Line by line, output everything from the one that contains "de Jamel Madani" through the end of the material below, exactly as written and with no pictures.

• _Exercise data_
- - - -
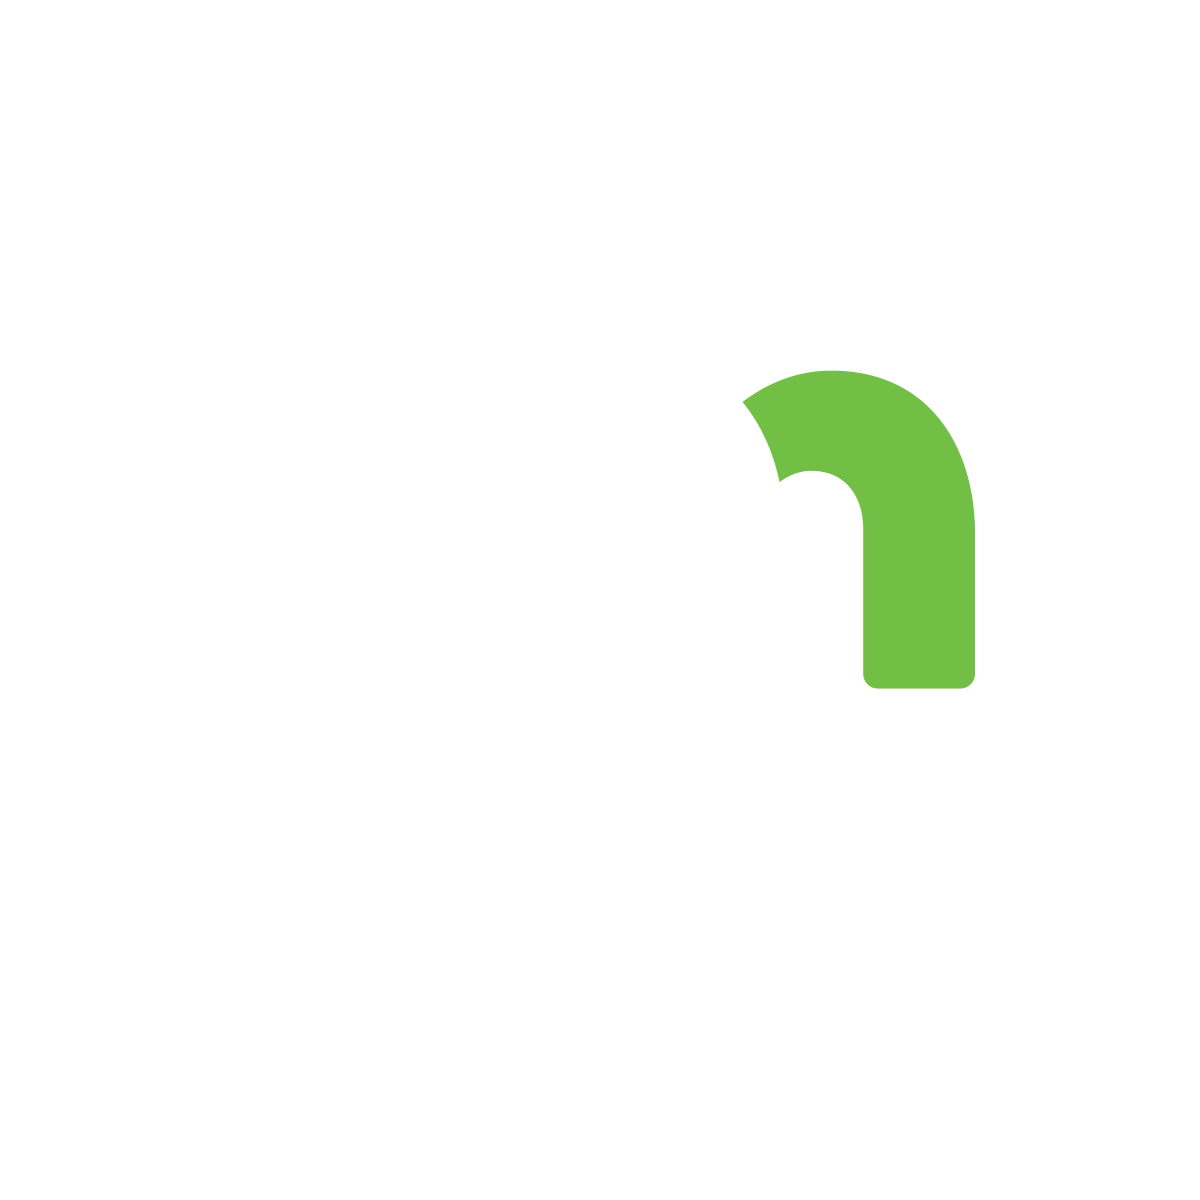 MN Logo - MnDOT Logo - MnDOT Media Room
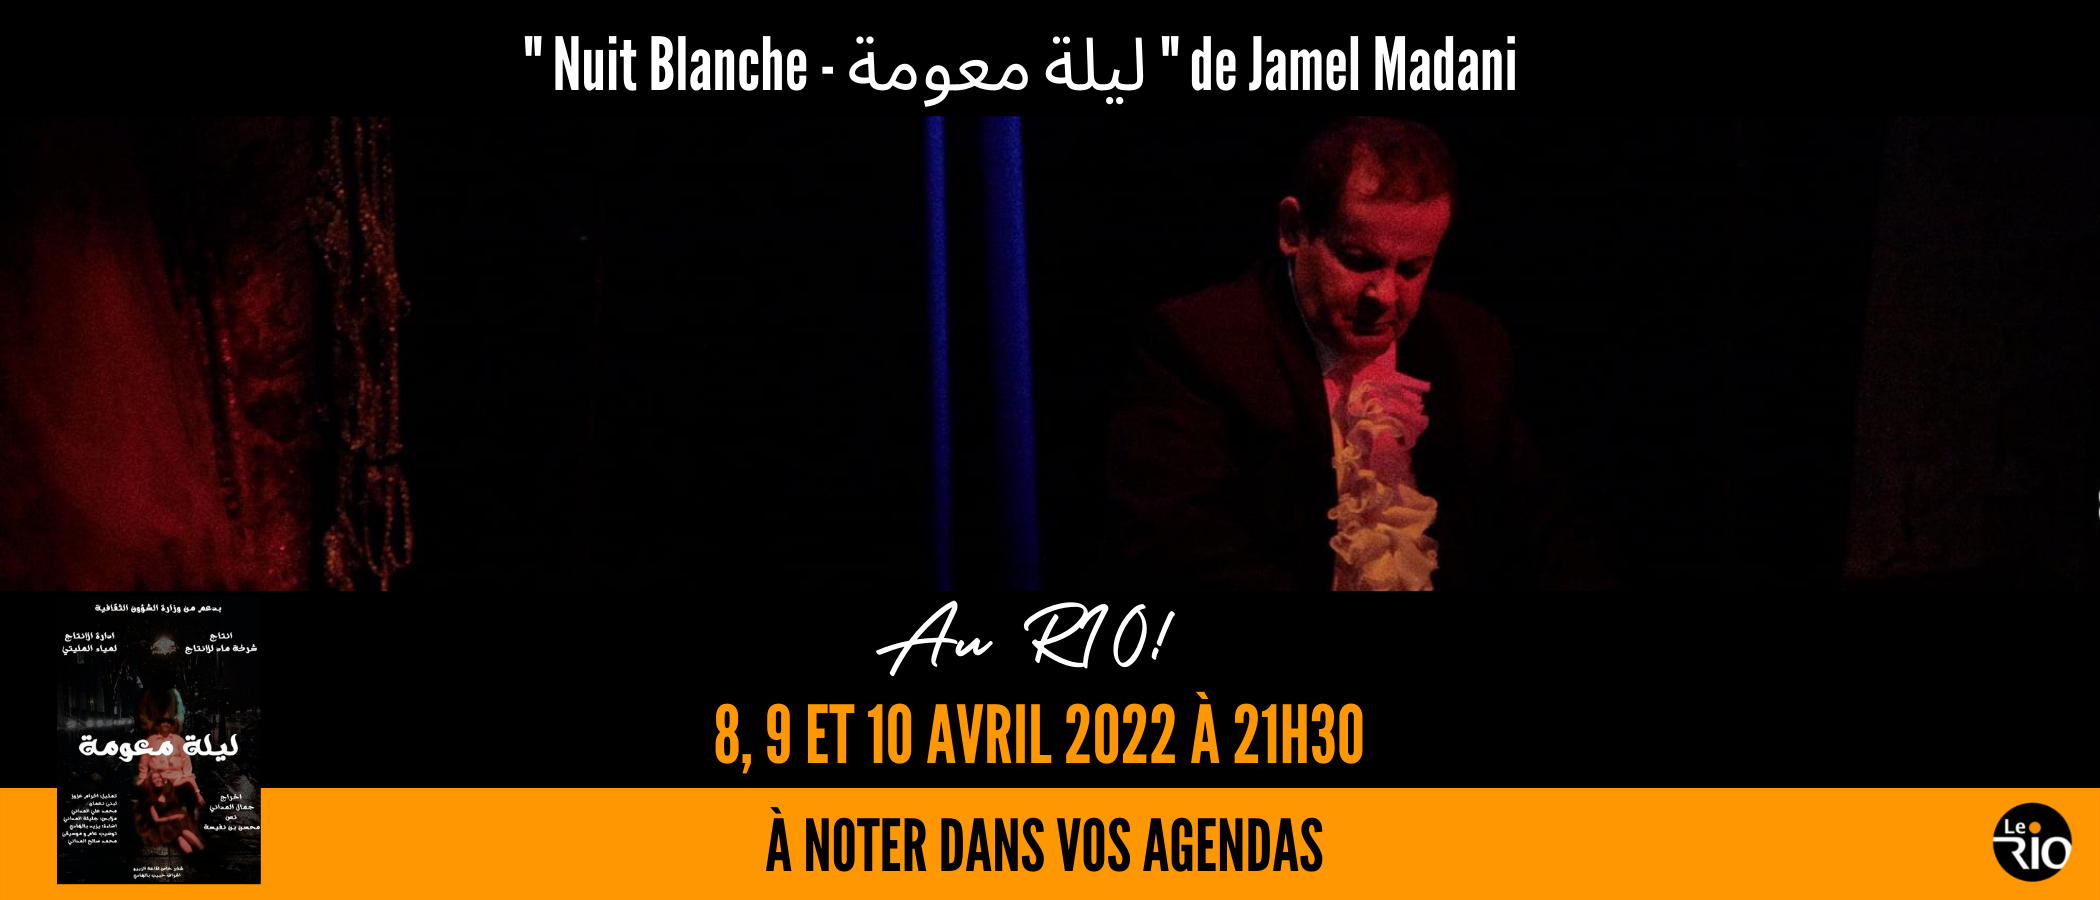 Nuit Blanche  ليلة معومة de Jamel Madani
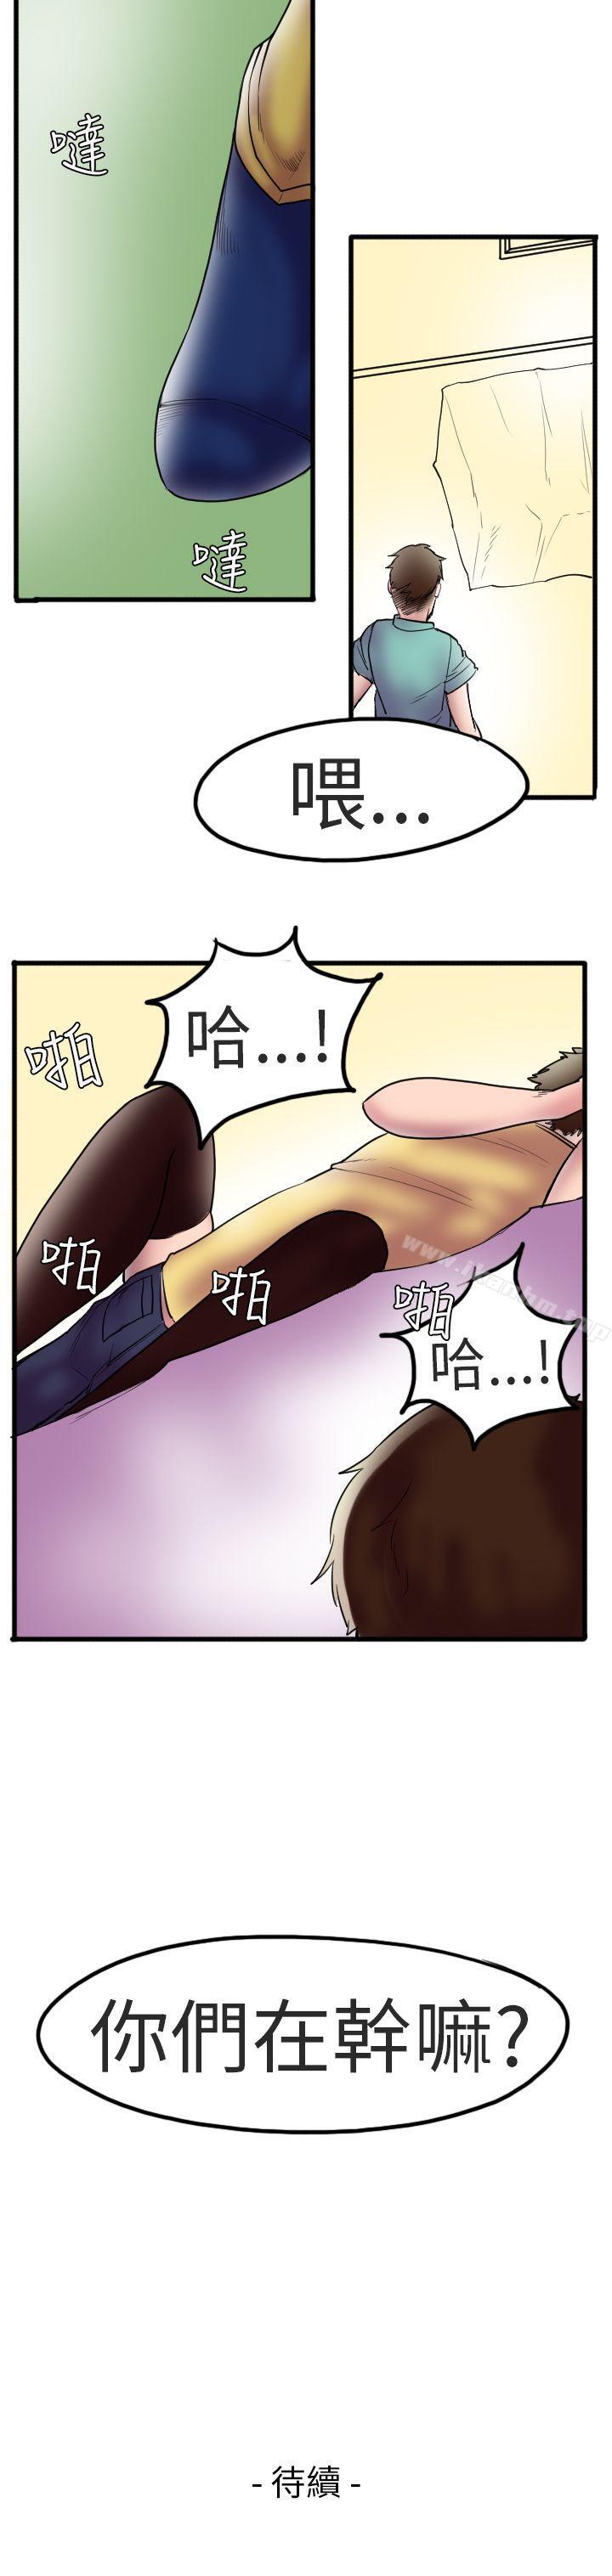 漫画韩国 秘密Story第二季   - 立即阅读 第二季 床與墻壁之間(上)第16漫画图片
- - - -
• _Solution to this problem_
 Nuit Blanche  ليلة معومة de Jamel Madani
 漫画韩国 秘密Story第二季   - 立即阅读 第二季 床與墻壁之間(上)第16漫画图片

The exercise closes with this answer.